Из всех противоречий скептиков наиболее странным, наиболее своеобразным и в то же время наименее заметным является то, которое лежит между их образом мыслей и душевным спокойствием, которого они претендуют достичь, между блаженством и преимуществами, которые, по их словам, они находят в этом состоянии. Большая часть из них допускает возможность достижения истины, даже если они отказывают нам в наслаждении ею. Что же касается тех, кто утверждает абсолютную невозможность этого, то они, очевидно, исходят из совершенно несостоятельного предположения.

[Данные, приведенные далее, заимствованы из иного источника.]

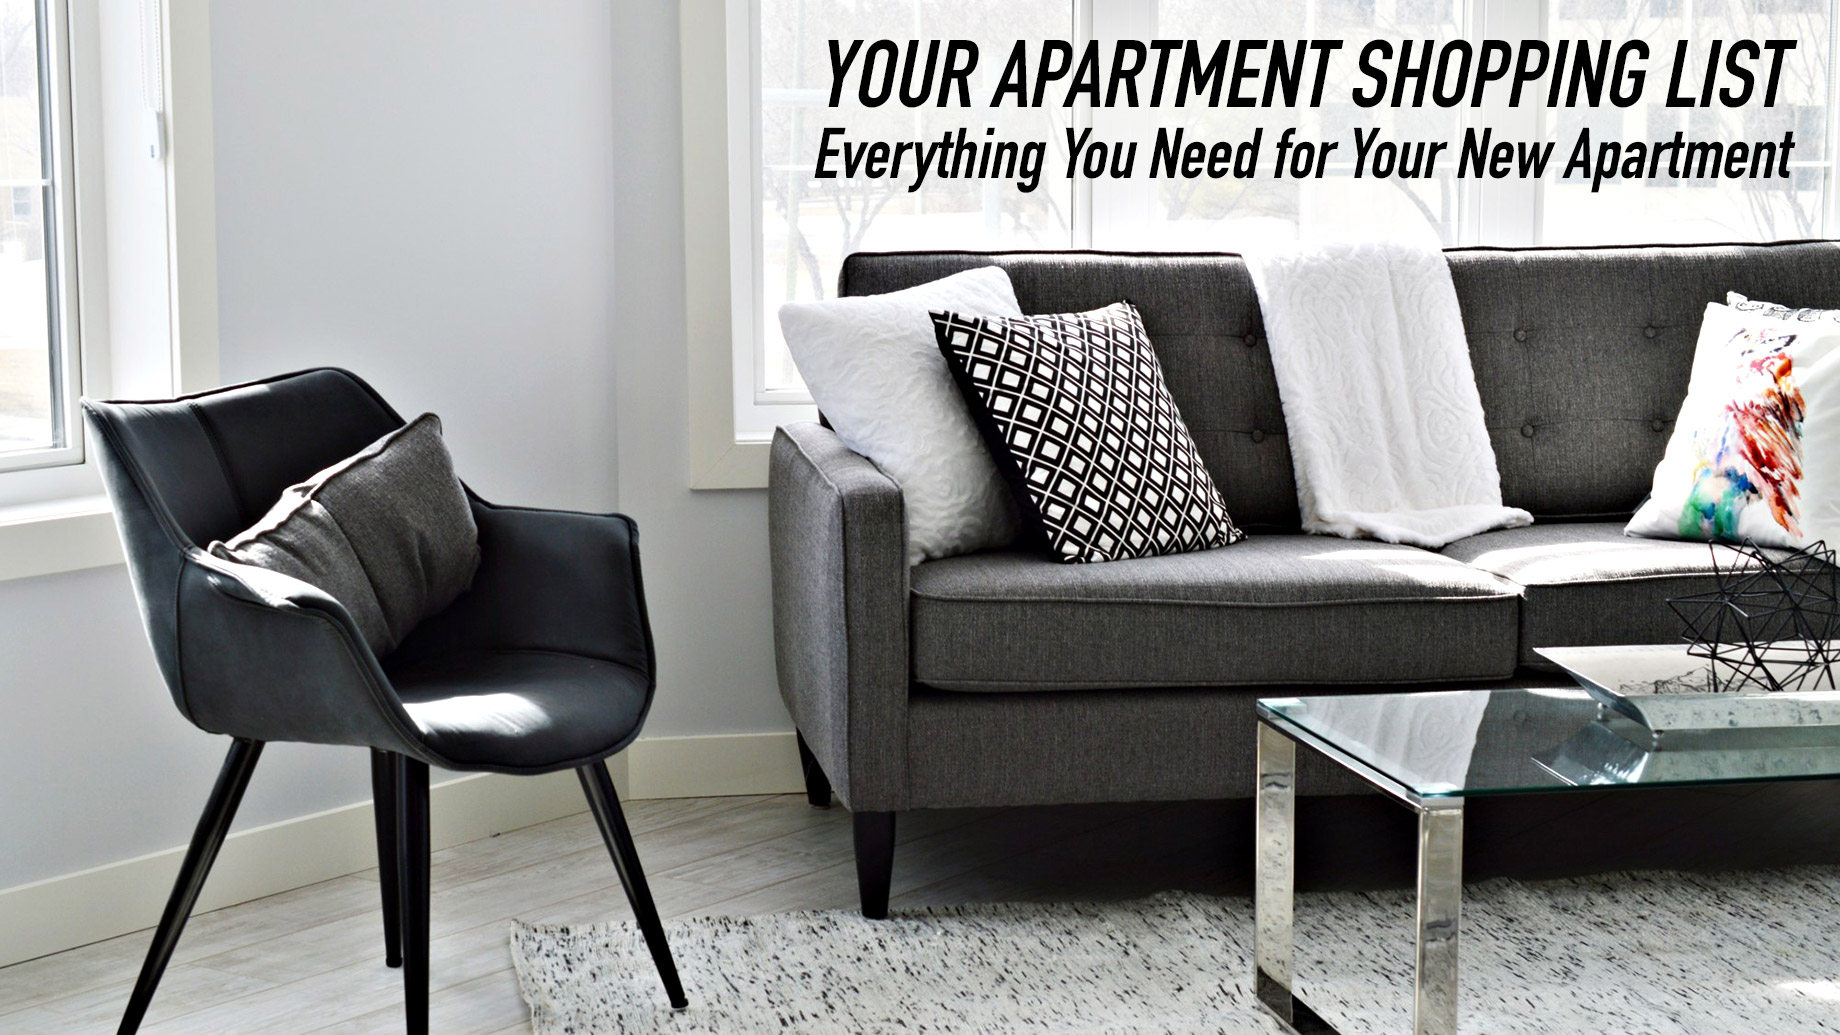 Your Apartment Shopping List - Everything You Need for Your New Apartment
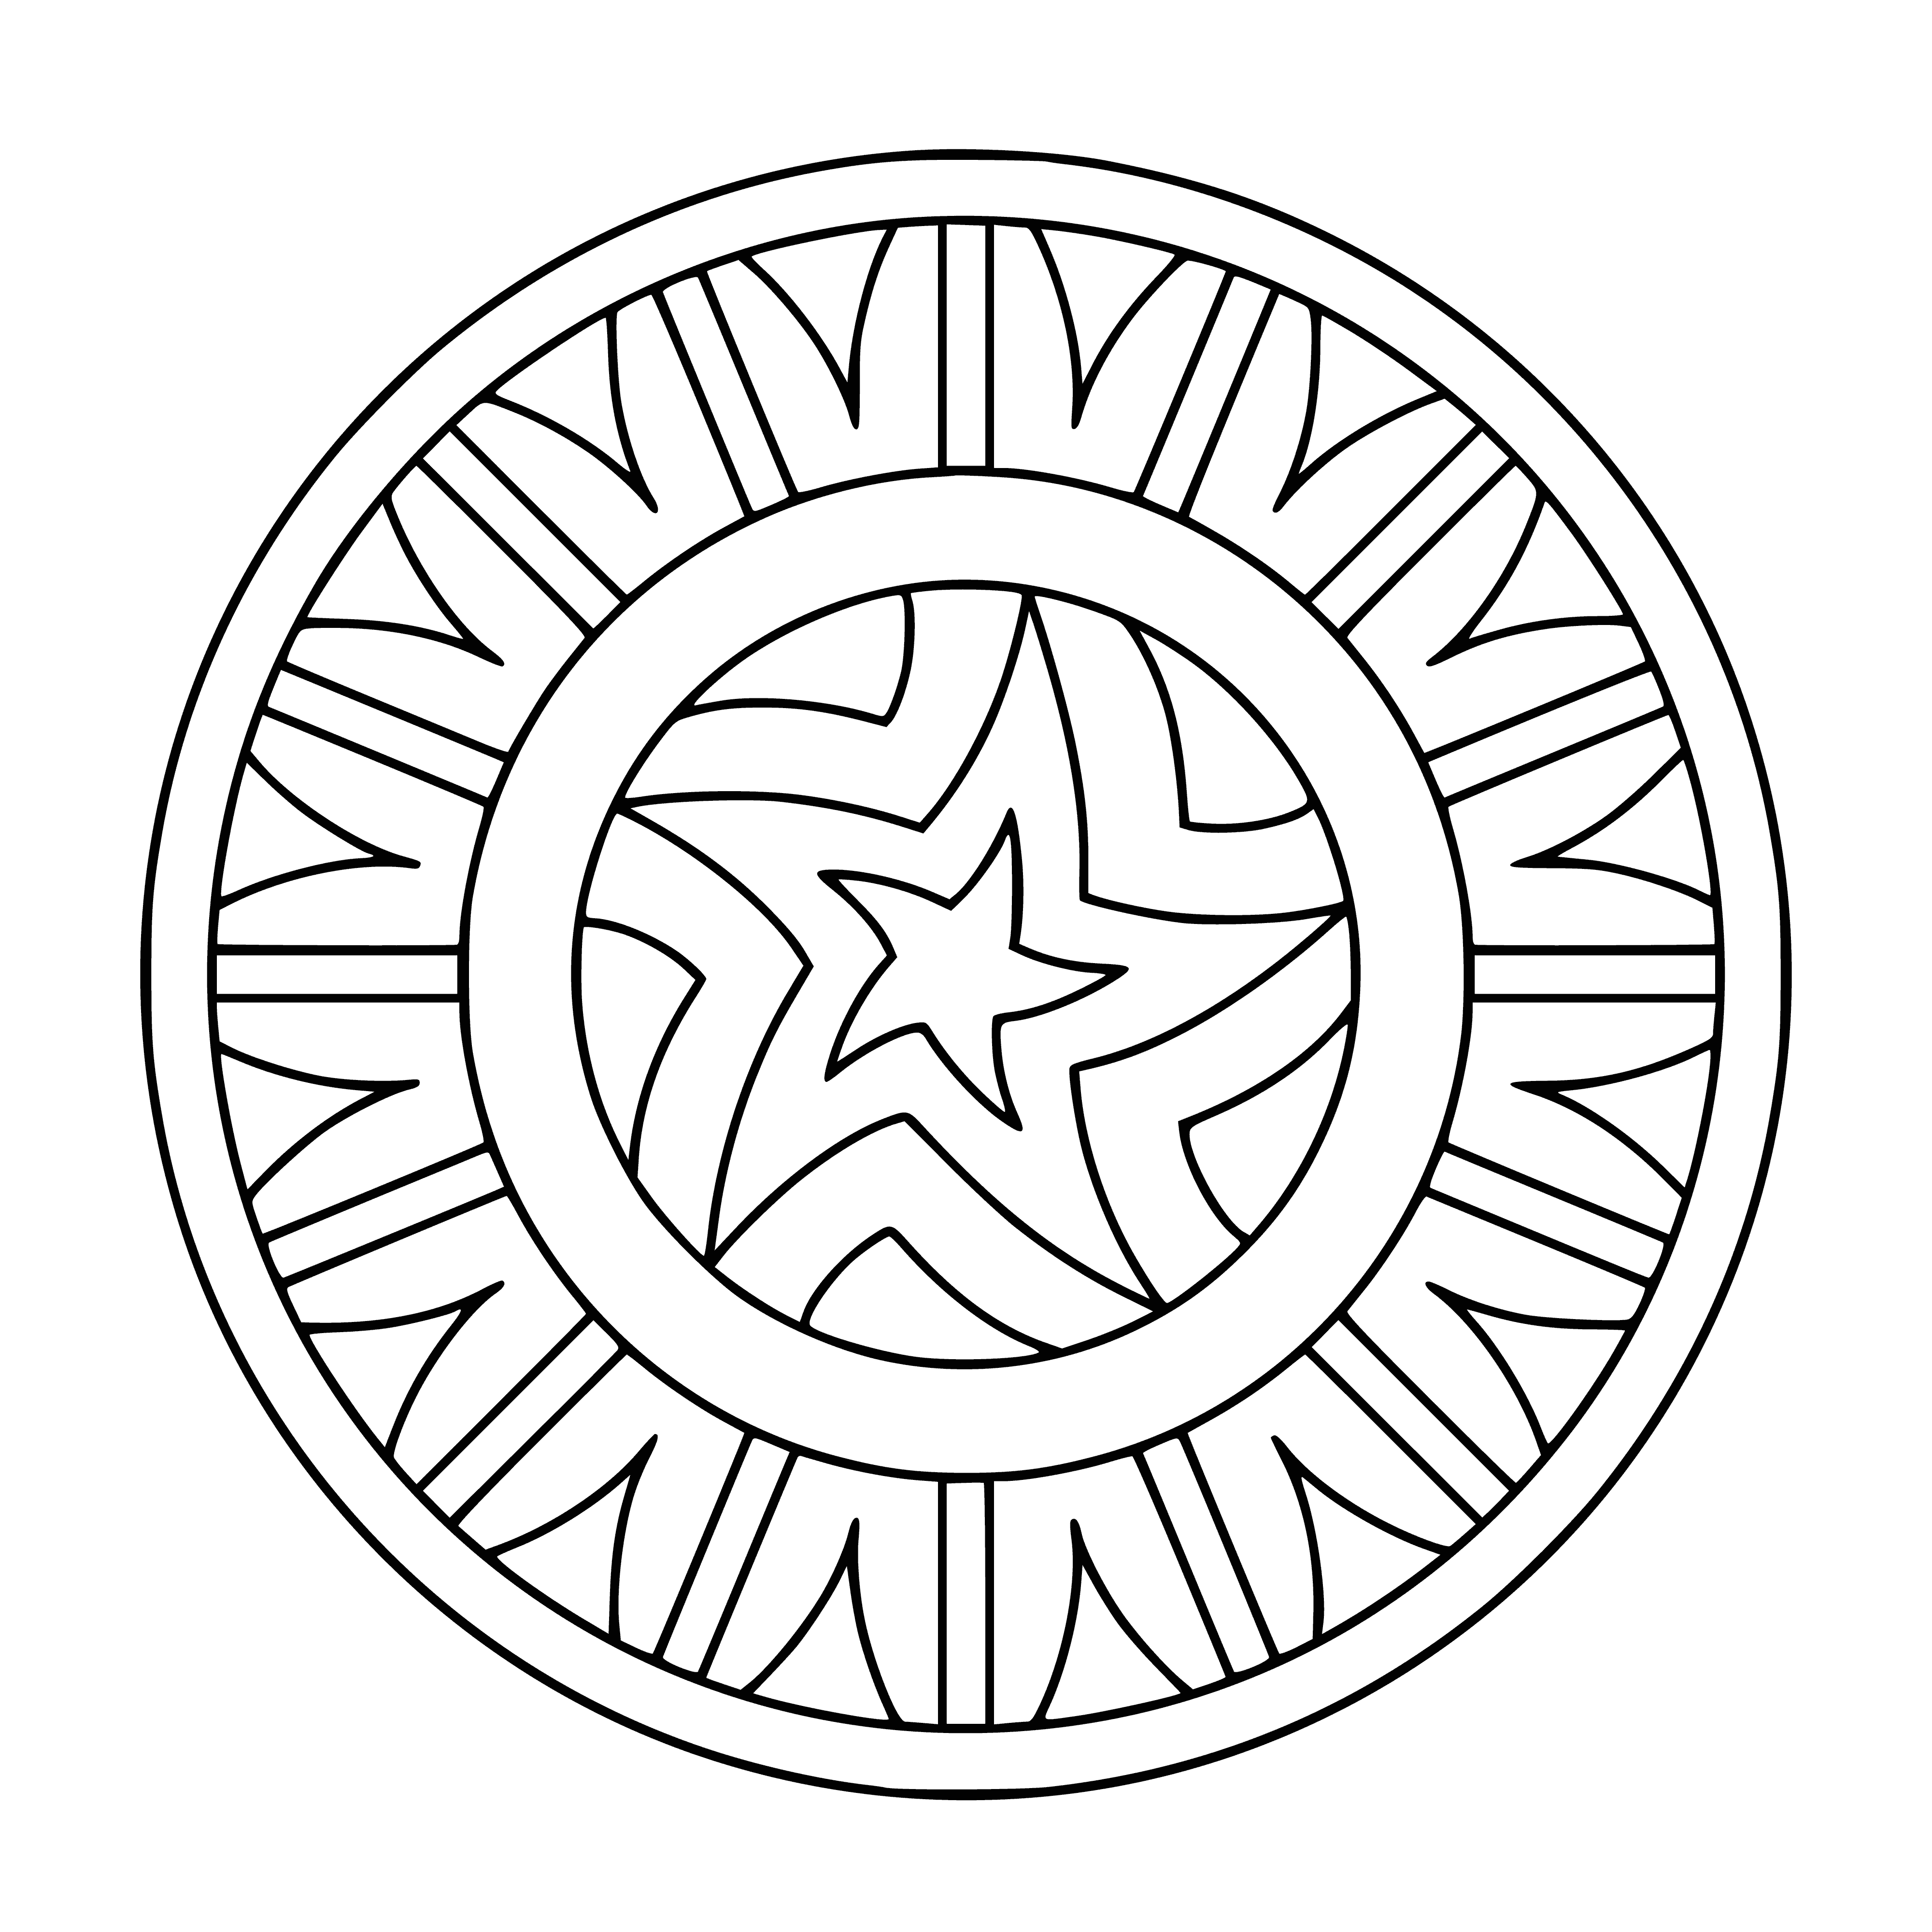 coloring page: Mandala coloring page of symmetrical design with flower in center & border of repeating geometric shapes on white background.

Ибо по какому праву они могут утверждать абсолютную невозможность? Разве они признают природу вещей, или природу человека, или вечные законы того, что должно быть? Вещь может быть невозможной только потому, что она противоречит тому, что существует, или потому, что она содержит противоречие — два момента, по которым скептики считают себя неспособными судить. Это принадлежит природе скептицизма, и он заявляет об этом после вступления своего манифеста, что для него может существовать только равная возможность двух противоположных утверждений для каждого объекта. Если же открытие истины действительно возможно, если истина имеет исключительную цену для человеческого духа, если она — его единственное богатство и самая желанная для нас вещь во всех отношениях, то как можно считать возможным обладание некоторым покоем, пока человек еще не начал овладевать истиной? Можем ли мы считать себя счастливыми в этой духовной нищете? Разве не мучает нас ярчайшее беспокойство и гнетущая тревога до тех пор, пока мы не вырвались из пустоты, из небытия, из мрака всеобщего сомнения, чтобы постичь наконец некоторые элементы достоверного знания? Какое существо могло бы аплодировать плачевной апатии, одобрять ее, оправдывать ее и называть блаженством, если бы оно сознавало свои благородные и высокие способности?

Допустим, однако, что скептики, поскольку они слишком отрицают существование истины, могут перестать ценить ее ценность и не находить ничего безутешного в лишении вещи, потеря которой так болезненна для умов, обладающих каким-то возвышенным чувством51. Но как объяснить то спокойное безразличие, с которым, согласно их притворству, они относятся к благам и злу жизни?52 Разве это так уж безразлично, если нельзя бросить утешительный взгляд в будущее, даже если это только для того, чтобы подсластить чувство настоящего зла, от которого скептики не считают себя свободными53? Так ли уж совершенно безразлично, что в разумном убеждении нет ничего, что давало бы право если не на полную уверенность, то хотя бы на вполне обоснованную надежду на реальное благо, способное украсить условия жизни? Можно ли оставаться равнодушным и спокойным, когда человек беззащитен перед самыми ужасными ужасами? Каковы те ужасы, от которых скептики могут быть достаточно защищены? Разве не должны все виды несчастий и величайших зол казаться им во все времена столь же вполне возможными, как и все виды счастья? По крайней мере, человек, сохраняющий в себе разумную убежденность, может найти оружие для защиты от этих ужасных возможностей; он может найти помощь против них в неизменных законах природы и в мысли о благосклонном Авторе их. Но человек, в глазах которого все условия имеют равный вес, даже не в состоянии отогнать самые нелепые суеверия обывателей, или гадания астрологов, или самые жестокие и в то же время самые неправедные мнения. Чтобы уничтожить заблуждение, необходимо иметь истину.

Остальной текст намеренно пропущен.